For each analysis, the response variable is the post-test score. Pre-test score is controlled for as a student level variable. Consistent with previous approaches to HLM (Gutman & Feinstein, 2008; Humphrey, Lendrum, & Wigelsworth, 2010), the statistical model is constructed as a series of stages. First, an unconditional (‘empty’) model was used to establish the amount of unexplained variance attributable to each level (e.g. LA, school or student). Second, a partial (‘background’) model was used to examine the contribution of school and student characteristics to the variance established in the unconditional model. Third, a final (‘conditional’) model is used to examine the key variable of interest, specifically changes in the response variable as a result of attending a school implementing SEAL.

Results

In accordance with recommendations from a number of reviews (Roth, 1994; Wilkinson, 1999), the dataset was subject to screening prior to inferential testing being conducted, summarised below:

Missing Data

The optimal sample for the study was N = 4,617. Of these, 174 cases had missing data that exceeded the acceptable limits for the SDQ as defined by the developer (greater than three missing responses per scale). For the remaining 4,442, missing items were imputed. Tabulated pattern analysis showed that less than 1 % of missing cases could be attributed to any of the socio-demographic factors included in the analysis, indicating no discernible pattern to missing data. Given this, and the fact that the number of missing cases was very small, case deletion was considered preferable to multiple imputation (Shafer, 1999). Furthermore, estimation techniques serve to support appropriate statistical power to a study; as noted below, the study was more than adequately powered from the outset.

Sample Size

Sample size calculations indicated that a minimum of 16 schools with an average of 100 pupils per school would be required to detect a small effect size (f 2 = 0.02) with 14 explanatory variables (the number included in the inferential analysis). The final sample far exceeded this minimum threshold.

Data Requirements and Assumptions

Data were screened to ensure conformity to the assumptions of the inferential analysis conducted (hierarchical linear modelling). Satisfactory results were produced in regards to linearity, normal distribution and independence of errors, homoscedasticity, multi-colinearity and non-zero variance of predictors (Field, 2009; Menard, 1995; Myers, 1990).

Descriptive Statistics

Means and standard deviations of the outcome measures at pre- and post-test are presented in Table 2.

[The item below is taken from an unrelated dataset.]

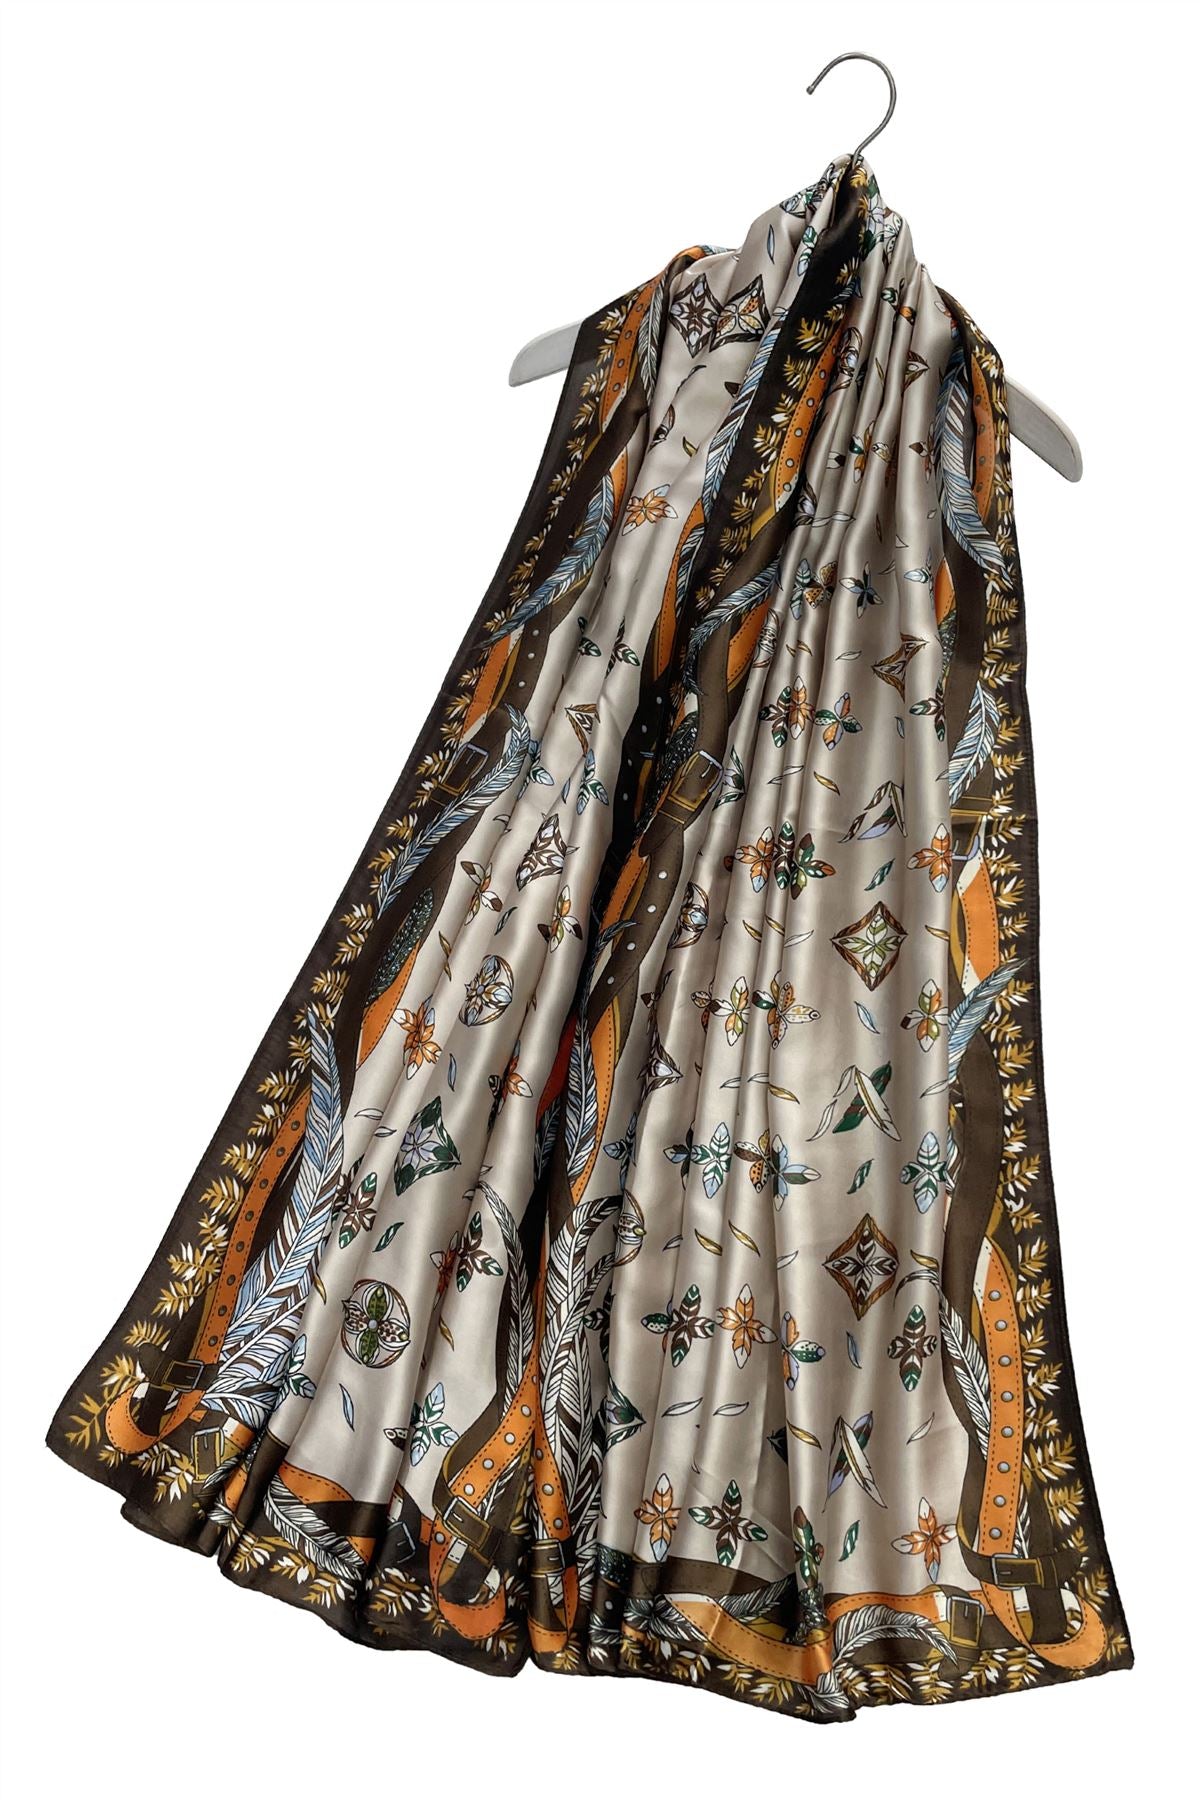 Feather & Floral Print Silk Scarf– Fashion Scarf World

Table 2 Descriptive statistics for participants in the current study

Mean and standard deviation scores of the SEAL and control compared favourably at pre-test for both emotional symptoms (t (4,441) = 0.822, p > .05, Cohen’s d = 0.02) and conduct problems (t (4,441) = 0.436, p > .05, Cohen’s d = 0.01). Post-test scores indicated little change in the two outcome measures for either group. Scores for the at-risk sub-sample demonstrate a reduction in symptoms over time, but no differential effect according to type of school attended (e.g. SEAL versus control).

Inferential Statistics

The two hierarchical linear models developed for the main outcome analyses are shown in Tables 3 and 4.

Table 3 Hierarchical linear model for the emotional symptoms response variable
Table 4 Hierarchical linear model for the conduct problems response variable

The empty model shown in Table 3 demonstrates a significant, but small amount of variance associated with the LA level (var (v 0k ) = 0.68, p = 0.04). The school level of the model was associated with a statistically insignificant amount of variation in students’ emotional symptoms score (var (l 0j ) = 0.025, p = .17). The magnitude of the effect was also very small, accounting for less than 0.5 % of total variance. Therefore, the variance explained by the model is almost exclusively at the student level (var (e 0i ) = 5.323, p < .01).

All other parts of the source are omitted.